Sulfur & The Solid-State Battery Of The Future

Sulfur has been a long, tough slog for solid-state battery researchers. The lithium-sulfur formula came across the CleanTechnica radar in 2013, when we took note of a research project at Oak Ridge National Laboratory, a branch of the US Department of Energy.

“Researchers at Oak Ridge National Laboratory are hot on the trail of a lithium-sulfur battery that packs four times the punch of conventional lithium-ion batteries,” we enthused. “Given the low cost of sulfur, if the technology can be commercialized it would have a huge impact on the market for energy-storing devices powered by wind, solar or other forms of renewable energy.”

“The low cost lithium-sulfur combo could also open up the electric vehicle market,” we added.

Back in 2015 we also checked out next-generation solid-state battery research at Drexel University, involving the use of a high tech, nanoscale ceramic material. We also took note of some challenges.

“The problem is, conventional lithium-sulfur batteries don’t last very long. They start to degrade when they discharge, so their performance drops after just a few charge/discharge cycles,” we observed (see more sulfur battery news here).

The problem is two-fold. Sulfur itself is not particularly adept at conducting electrons to begin with, and its tendency to over-expand during charging cycles presents another hurdle.

Cracking The Lithium-Sulfur Solid-State Battery Code

Much water has gone under the bridge since then. The US Department of Energy has continued to devote considerable energy to new research projects that push the envelope on solid-state battery technology, including the lithium-sulfur formula.

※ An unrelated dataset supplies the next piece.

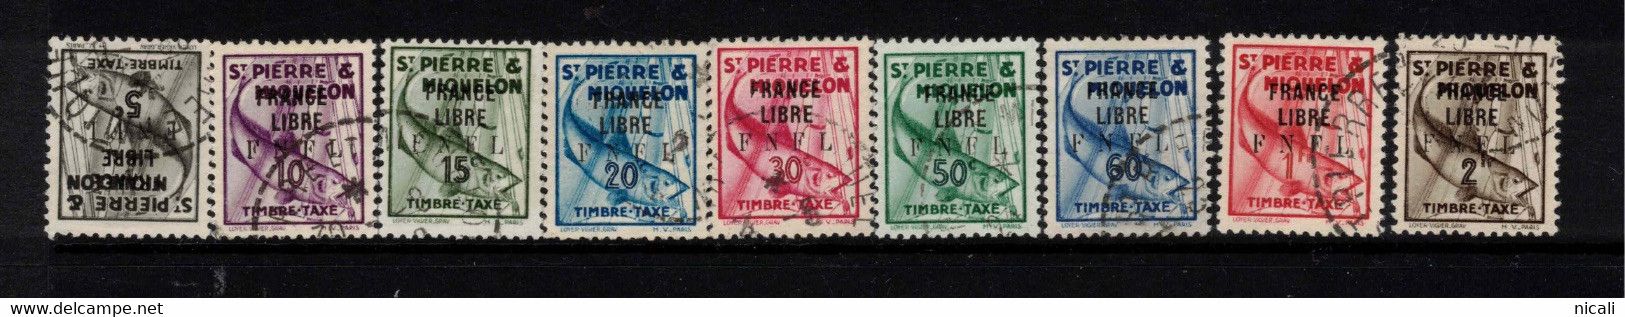 ST PIERRE & MIQUELON 1941 FRANCE LIBRE FNFL Postage Due SG D310-17 U #BPD05 - Oblitérés
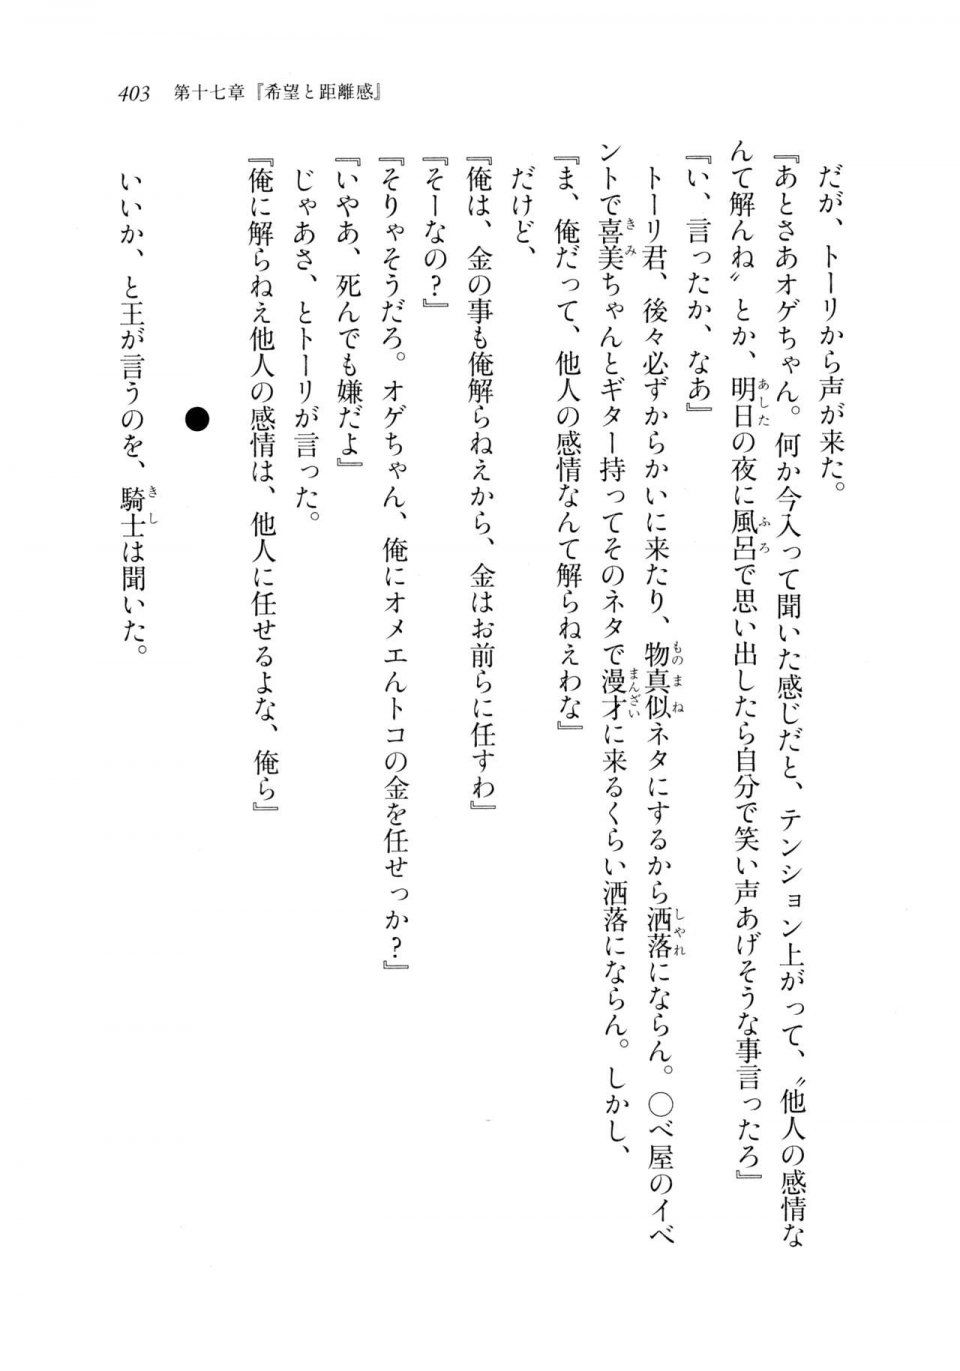 Kyoukai Senjou no Horizon LN Sidestory Vol 2 - Photo #401

In the latest development assisted by the Energy Department, a research team from the Jacobs School of Engineering at the University of California – San Diego has just published a lithium-sulfur code-cracking study in the journal Nature.

The team has come up with a new self-healing sulfur material for the cathode in a solid-state battery, with lithium metal serving duty as the anode material.

The new material consists of a crystalline form of sulfur, doped with molecules of iodine. “By inserting iodine molecules into the crystalline sulfur structure, the researchers drastically increased the cathode material’s electrical conductivity by 11 orders of magnitude, making it 100 billion times more conductive than crystals made of sulfur alone,” UC – San Diego explains.

That is not a CleanTechnica typo. The school’s exact words are “100 billion times more conductive than crystals made of sulfur alone,” so take it up with them if a more incremental improvement seems more likely.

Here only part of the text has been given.